'Dhwani: A contemporary art installation evokes the Kundalini energy at a Durga Puja pandal in Kolkata
Every year, Durga Puja pandals across the country turn into canvases for public art. By placing ‘Dhwani’ in such a setting, this collaboration between Shilo Shiv Suleman and Rajasthan’s Lohar community dissolves binaries of high art and folk art
At the Tridhara Durga Puja, Kolkata, a contemporary art installation is catching the eye of visitors. Dhwani, a sculptural work, 12 feet tall and weighing 150 kilos, has been envisioned as a manifestation of the Kundalini Shakti. Curated by Myna Mukherjee and produced by Shilo Suleman in collaboration with members of the Lohar community of blacksmiths in Rajasthan, the installation is a multi-layered one.
For one, it brings together the age-old tradition of metalwork with new age media. In a way, it breaks the silos of folk and contemporary art. Every year, the Durga Puja pandals across the country turn into canvases for public art, where millions of people encounter different visual vocabularies outside the white cube space. For Mukherjee, it was important to place contemporary art within pandals, which have long been the meeting point for community, rituals and politics. “...it is about dissolving the hierarchies between high art and popular art, folk and contemporary, ritual and avant-garde. Dhwani becomes part of that continuum—an offering to the goddess, but also a reminder that art belongs to everyone, not just to the privileged few," she adds.

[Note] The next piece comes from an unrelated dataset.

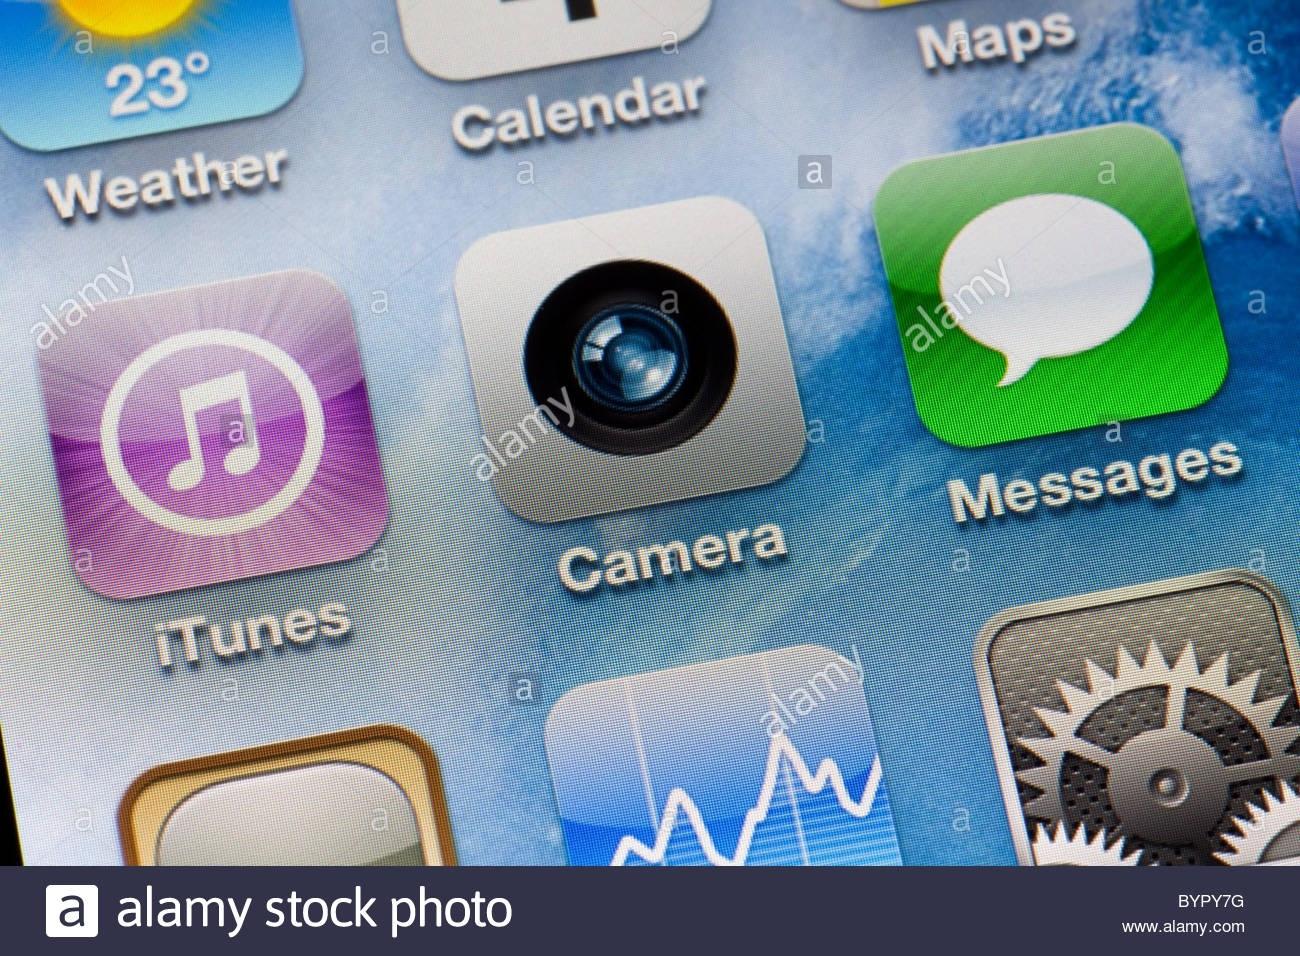 Apple Iphone 4 Ipod Icons Close Up Screen Camera Stock Photo_Iphone 4 Calendar Icon

The golden sheen of Dhwani stands in stark contrast to the all-black theme of the pandal designed by Gouranga Kuila, which subverts the notion of white as pure and black as inauspicious. According to Mukherjee, it was during colonial rule that the British obsession with white as a pure colour relegated black to an ominous one. “Yet Bengal’s cosmologies tell another story: Kali, Shyama, tantric night rituals, and indigenous goddess traditions have long celebrated darkness as fertile, fierce, and divine. Here, black is not an absence of power but a reclamation of precolonial lineages and a resistance to erasure. In pre-Brahmanical goddess traditions, black was associated with fertility, the soil and feminine power," she explains. By integrating black into the theme of the pandal, Kuila wants to remind the viewers of a more pluralistic history of the goddess—one that draws from the tribal, tantric, and folk practices. “In that sense, this pandal is not just different visually, but politically—it challenges us to remember what has been overwritten," says Mukherjee.
The Kundalini energy holds deep meaning for Shilo. She calls it a serpentine force, a primordial creative force, the divine feminine, and more. “For an artist, there is a lifelong relationship with the original creative spirit. In my own practice, the Kundalini has informed everything, from my breath to the brushstrokes," she says. Dhwani is an extension of Shilo’s visual language, which lies at the intersection of themes such as social change, technology, feminism and magical realism.
The intention of the artist in creating this work, which features sound and motion sensors, was to place both ritual and the sacred in a contemporary context. The interactive nature of Dhwani allows for people to explore their devotion in a new way. “I would like to continue exploring what modern bhakti could look like with large-scale ritual objects that allow for a convergence with technology," she adds.
Dhwani is a result of work by a primarily all-women team. For instance, the idea took root during a collaboration with Shilo and Colleena Shakti, an Odissi dancer, in July. The elements related to motion and sound sensors have been envisaged by Laxita, an electronics engineer, who has had a long association with Shilo. “My team, which works out of the studio located in the Hawa Mahal complex of Jaipur, is primarily female. The energy permeating the work, right from the first sketch to the final setup, has been imbued with female divinity. It is something that I find extremely empowering," says Shilo.
The collaboration with the Lohar communities of Rajasthan also holds deep meaning for the artist. When she moved to Jaipur nearly five years back, she wanted to deepen her engagement with brass work. “I also wanted to trace my mother’s lineage. In the process, I found out that we come from the Lohar community of Rajasthan. And as the universe would have it, the oldest and most trusted karigars in my team—Shehzaad and Babulal—come from the same community as my family," she elaborates. This is a relationship that has been built over the years and has spanned many projects. The collaboration is a complex albeit meaningful one, with the resulting work being even better than the initial idea. For Mukherjee, such work is not a binary between tradition and modernity but a living, breathing dialogue between them. As a curator, my role is to hold that space of translation: to ensure that the work remains grounded in the community’s craft while also amplifying its resonance in a global contemporary art language," she adds.
‘Dhwani’ can be viewed at the Tridhara Durga Puja, Kolkata, till 2 October.